VGSLify: Variable-size Graph Specification for TensorFlow & PyTorch

VGSLify simplifies defining, training, and interpreting deep learning models using the Variable-size Graph Specification Language (VGSL). Inspired by Tesseract's VGSL specs, VGSLify enhances and streamlines the process for both TensorFlow and PyTorch.
Table of Contents
Installation
Basic Installation
To install VGSLify without any deep learning backend, run:
pip install vgslify
This installs only the core functionalities of VGSLify without torch or tensorflow.
Installing with a Specific Backend
VGSLify supports both TensorFlow and PyTorch. You can install it with the required backend:
pip install vgslify[tensorflow]
pip install vgslify[torch]
By default, this will install:
tensorflow (latest stable version)
torch (latest stable version)
Controlling Backend Versions
If you need a specific version of torch or tensorflow, install VGSLify first and then manually install the backend:
pip install vgslify
pip install torch==2.1.0
pip install tensorflow==2.14
Alternatively, you can specify the version during installation:
pip install vgslify[torch] torch==2.1.0
pip install vgslify[tensorflow] tensorflow==2.14
⚠ Note: If a different version of torch or tensorflow is already installed, pip may not downgrade it automatically. Use --force-reinstall or --upgrade if necessary:
pip install --upgrade --force-reinstall torch==2.1.0
Verify installation
To check that VGSLify is installed correctly, run:
python -c "import vgslify; print(vgslify.__version__)"
How VGSL Works
VGSL uses concise strings to define model architectures.
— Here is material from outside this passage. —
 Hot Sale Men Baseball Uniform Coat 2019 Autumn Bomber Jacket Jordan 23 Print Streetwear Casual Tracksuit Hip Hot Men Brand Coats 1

For example:
None,None,64,1 Cr3,3,32 Mp2,2 Cr3,3,64 Mp2,2 Rc3 Fr64 D20 Lrs128 D20 Lrs64 D20 Fs92
Each part represents a layer: input, convolution, pooling, reshaping, fully connected, LSTM, and output. VGSL allows specifying activation functions for customization.
Quick Start
Generating a Model with VGSLify
from vgslify import VGSLModelGenerator
vgsl_spec = "None,None,64,1 Cr3,3,32 Mp2,2 Fs92"
vgsl_gn = VGSLModelGenerator(backend="tensorflow")
model = vgsl_gn.generate_model(vgsl_spec, model_name="MyModel")
model.summary()
vgsl_gn = VGSLModelGenerator(backend="torch")
model = vgsl_gn.generate_model(vgsl_spec, model_name="MyTorchModel")
print(model)
Creating Individual Layers with VGSLify
from vgslify import VGSLModelGenerator
vgsl_gn = VGSLModelGenerator(backend="tensorflow")
conv2d_layer = vgsl_gn.construct_layer("Cr3,3,64")
history = vgsl_gn.generate_history("None,None,64,1 Cr3,3,32 Mp2,2 Fs92")
for layer in history:
print(layer)
Converting Models to VGSL
from vgslify import model_to_spec
import tensorflow as tf
model = tf.keras.models.load_model("path_to_your_model.keras")
vgsl_spec_string = model_to_spec(model)
print(vgsl_spec_string)
Note: Flatten/Reshape layers might require manual input shape adjustment in the generated VGSL.
Additional Documentation
See the VGSL Documentation for more details on supported layers and their specifications.
Contributing
Contributions are welcome! Fork the repository, set up your environment, make changes, and submit a pull request. Create issues for bugs or suggestions.
License
MIT License. See LICENSE file.
Acknowledgements
Thanks to the creators and contributors of the original VGSL specification.